Just did some research.

1960    Fish & chips  8p.      Pint of beer      8p.      Gallon of straight glow fuel    £2.00 (only available in pint cans).

1970       "         "       25p.       "           "        15p.         "               "                 "         £1.00.

2021       "         "      £7.00.      "          "     £3.80.         "               "                 "         £13.10.

 

Still think glow fuel is "expensive" ?

 

kevin b         Rose tinted dept.

A single fish and chips will cost you £8.75 at my local chippy - hardly a cheap meal for a family now. What is often forgotten is that many of us have extra burdons on our incomes that simply weren't there even a few decades ago. Mobile Phone contracts, TV & internet subscriptions, Amazon & Ebay, TV home shopping and not forgetting Credit Cards. The crazy gambling sites that suck people in all from the comfort of their sofas. This can add up to several hundred pounds per month and IMHO does put a strain on many incomes.

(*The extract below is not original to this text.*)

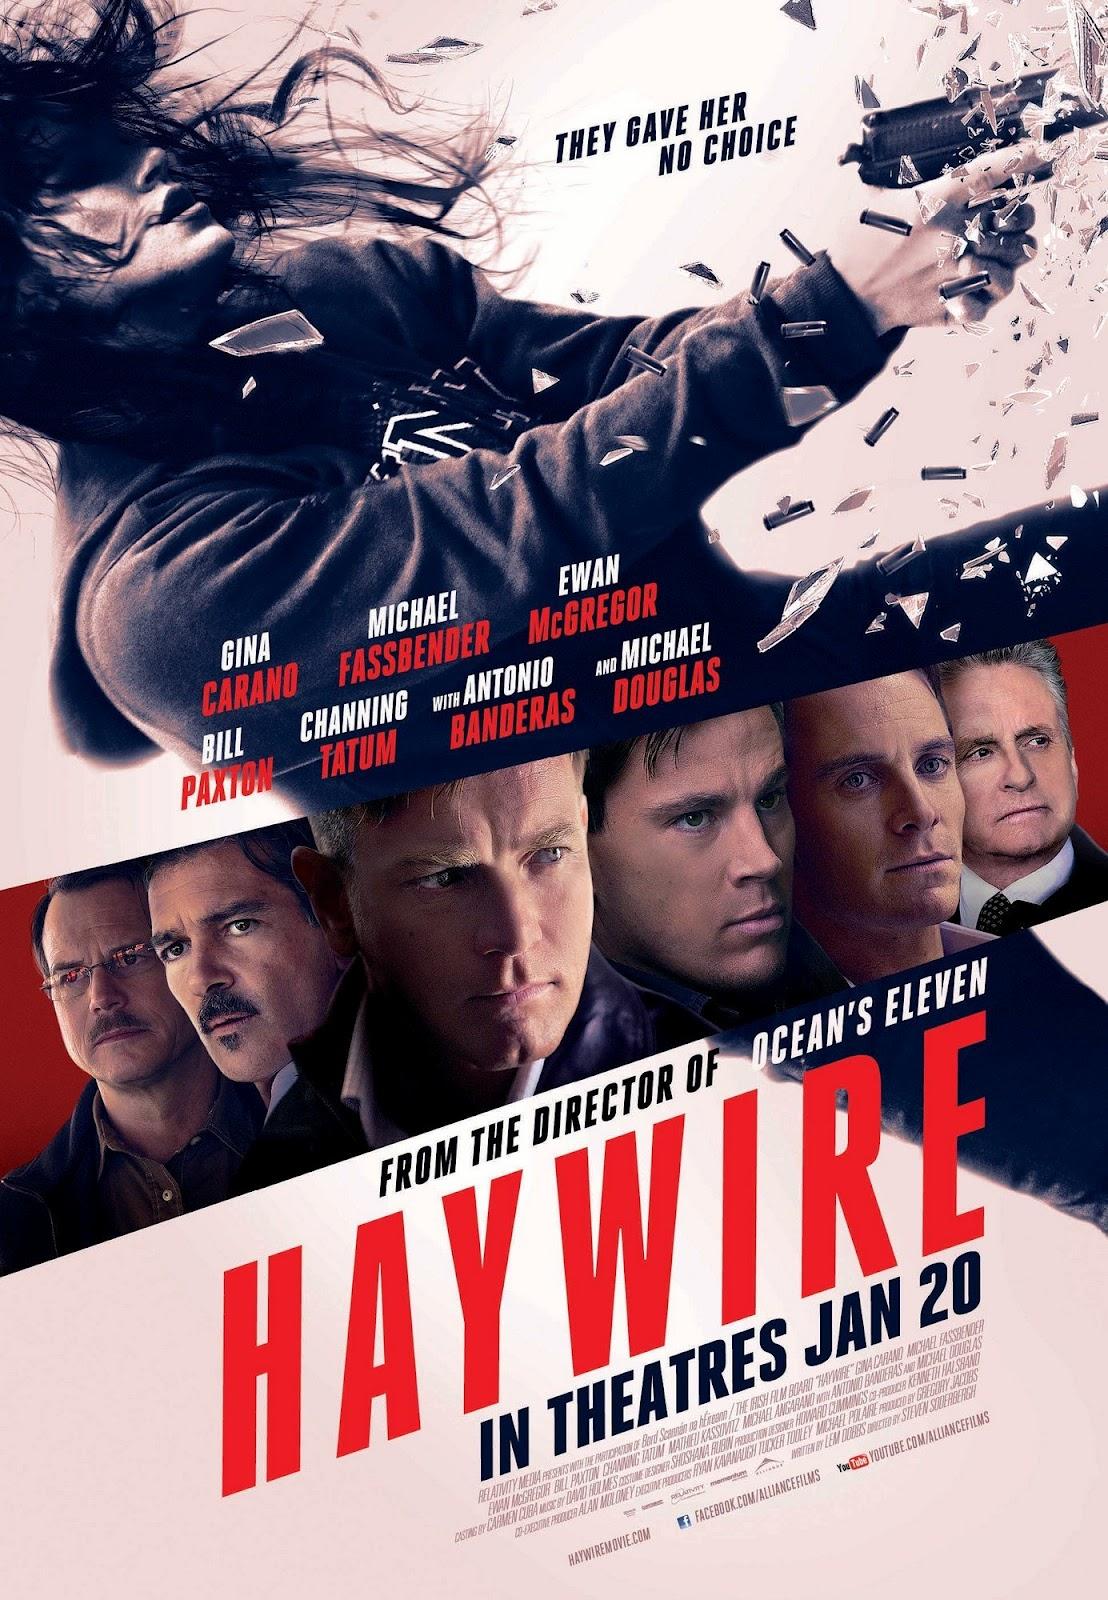 http://1.bp.blogspot.com/-fczTf3k67BE/Tzc53VLo7VI/AAAAAAAAAFA/DWwPs7cvdBg/s1600/haywire-poster04.jpg
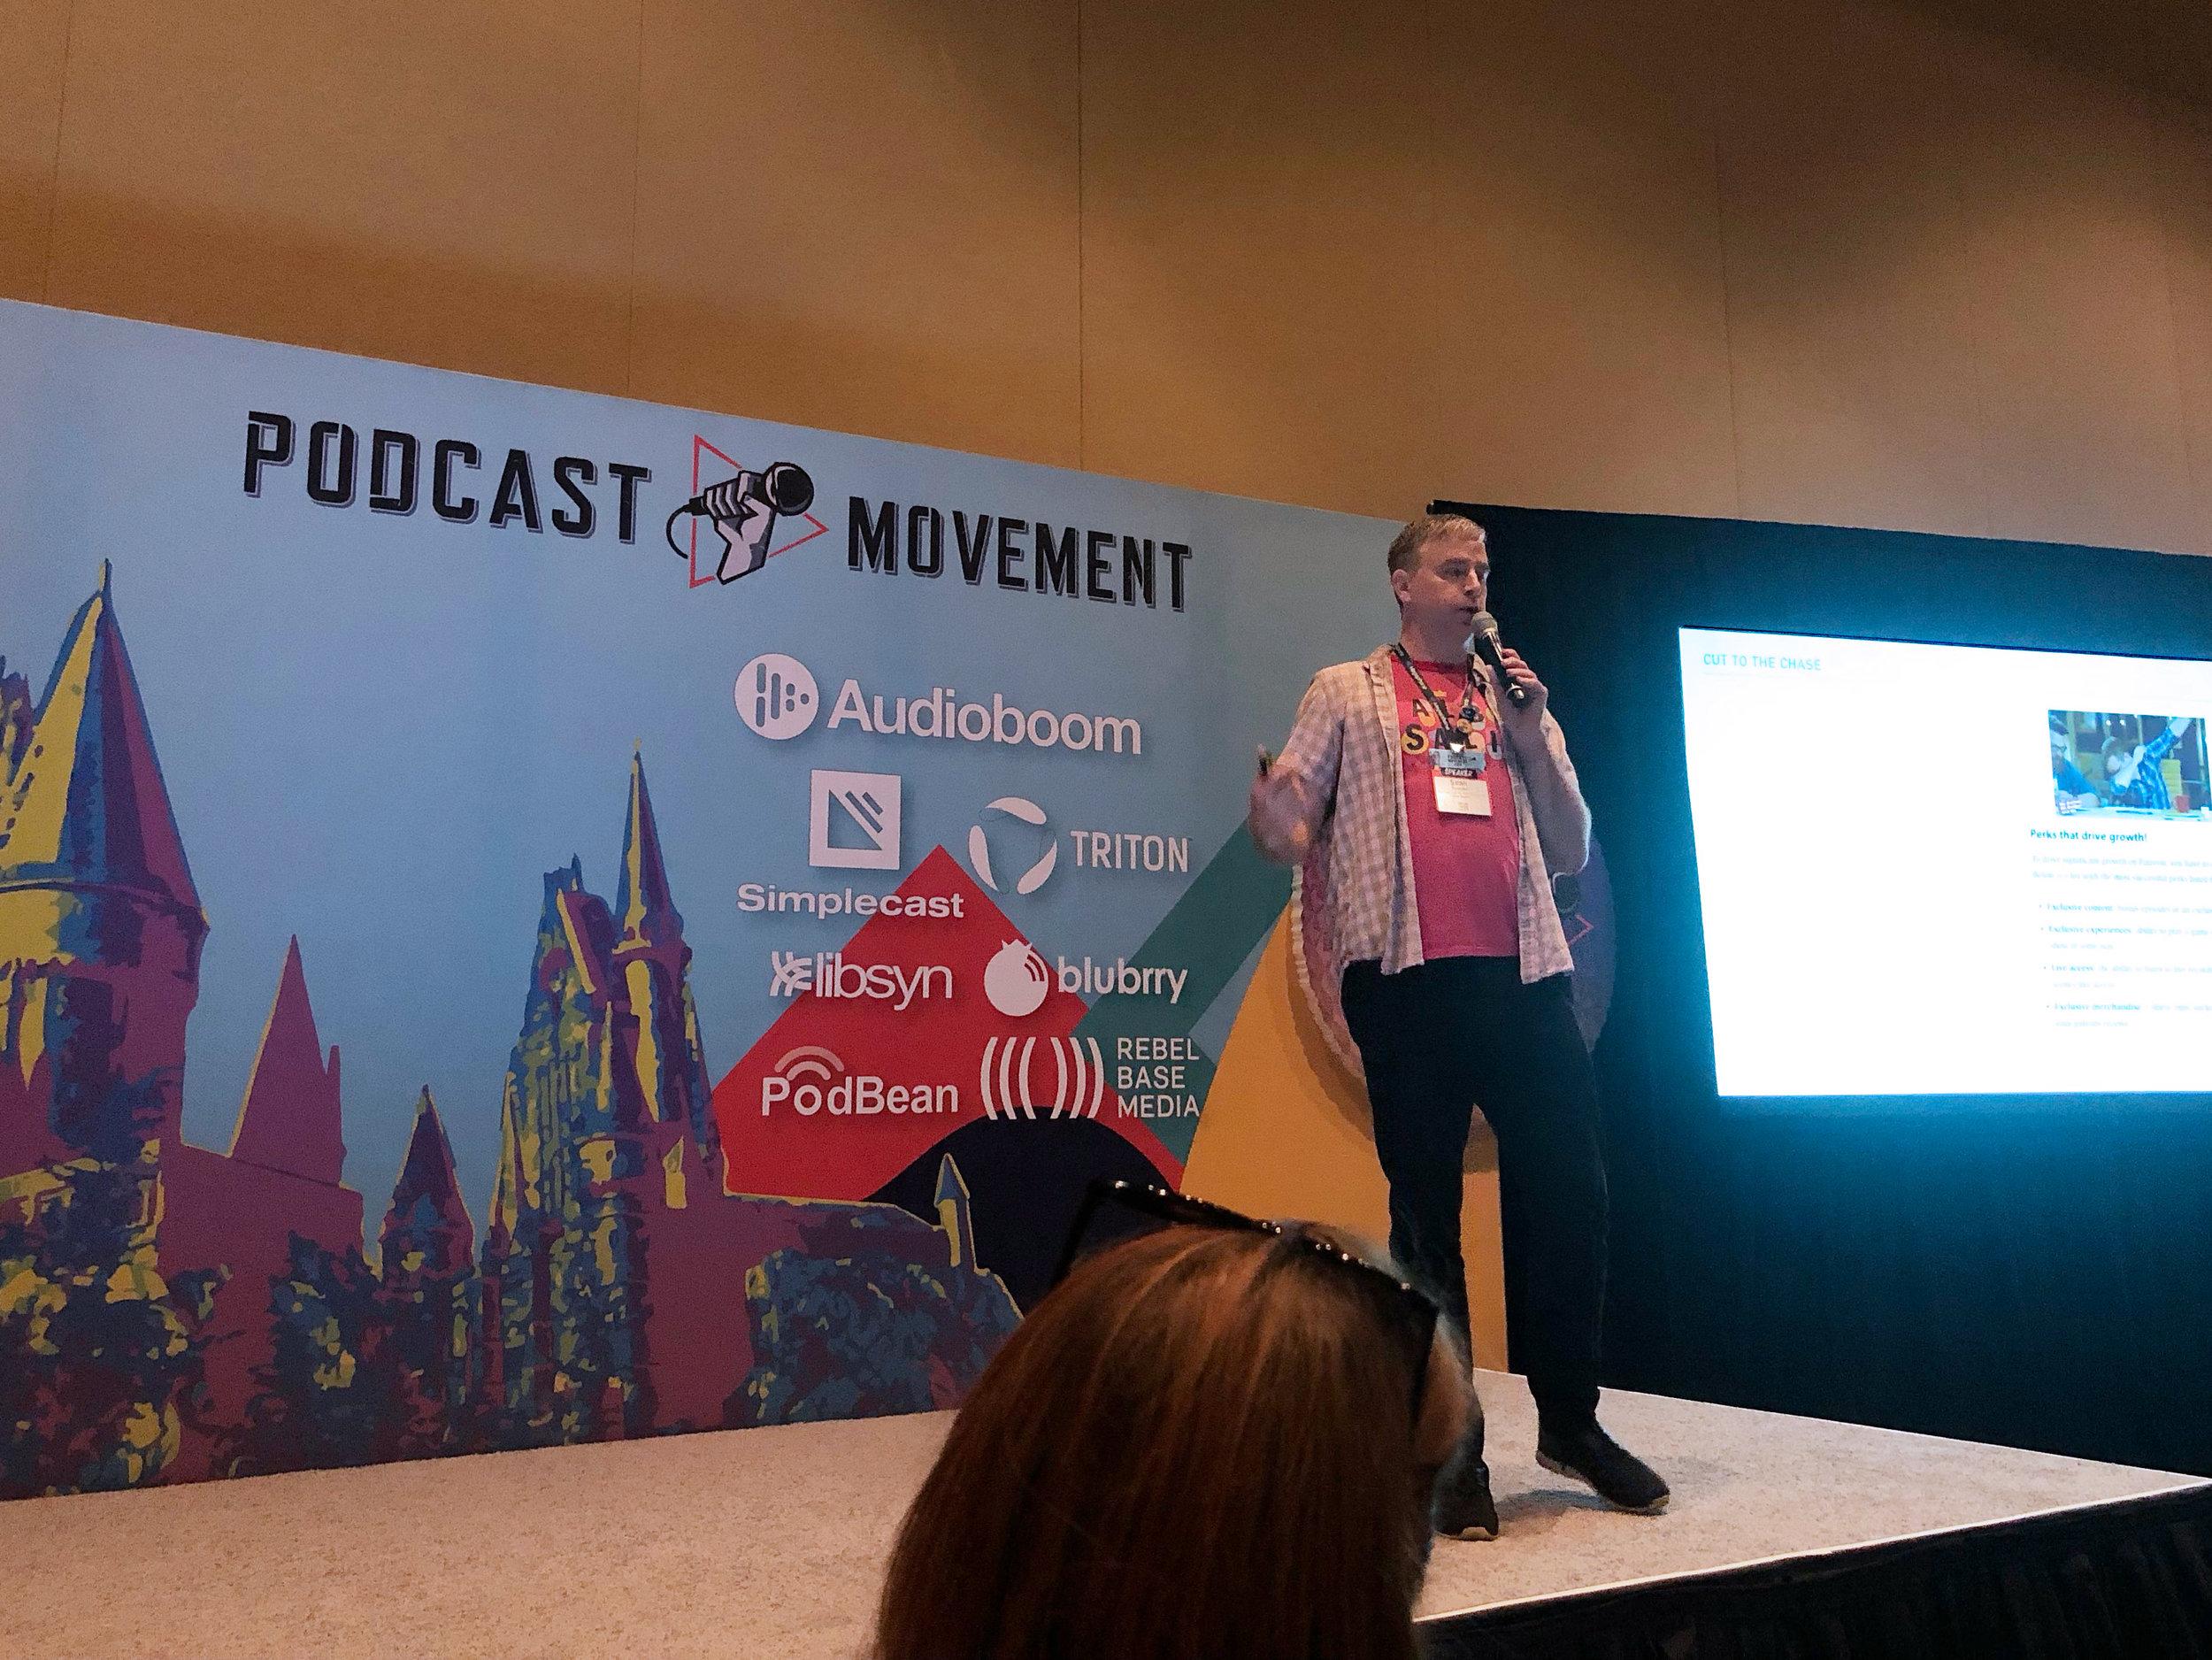 podcast_movement_opening_2019.jpg

IFAIR, the only similar regular out goings back in the day might have been a few pennies a week for  insurance to bury yourself and another few coppers for the never-never........ "five bob a week and let 'em have it out on the knocker"

Fewer people had cars so no car insurance, Road Tax, AA or fuel and servicing costs etc - that of course changed as the 60s progressed.

Our hobby today is cheaper than back in the day, but that is often negated by the expectation of buying more and diverse stuff on a regular basis driven by the web and other media. Many of us  usually stuck with only a couple of models and often switched radio gear between them in times past and no ARTF to tempt you.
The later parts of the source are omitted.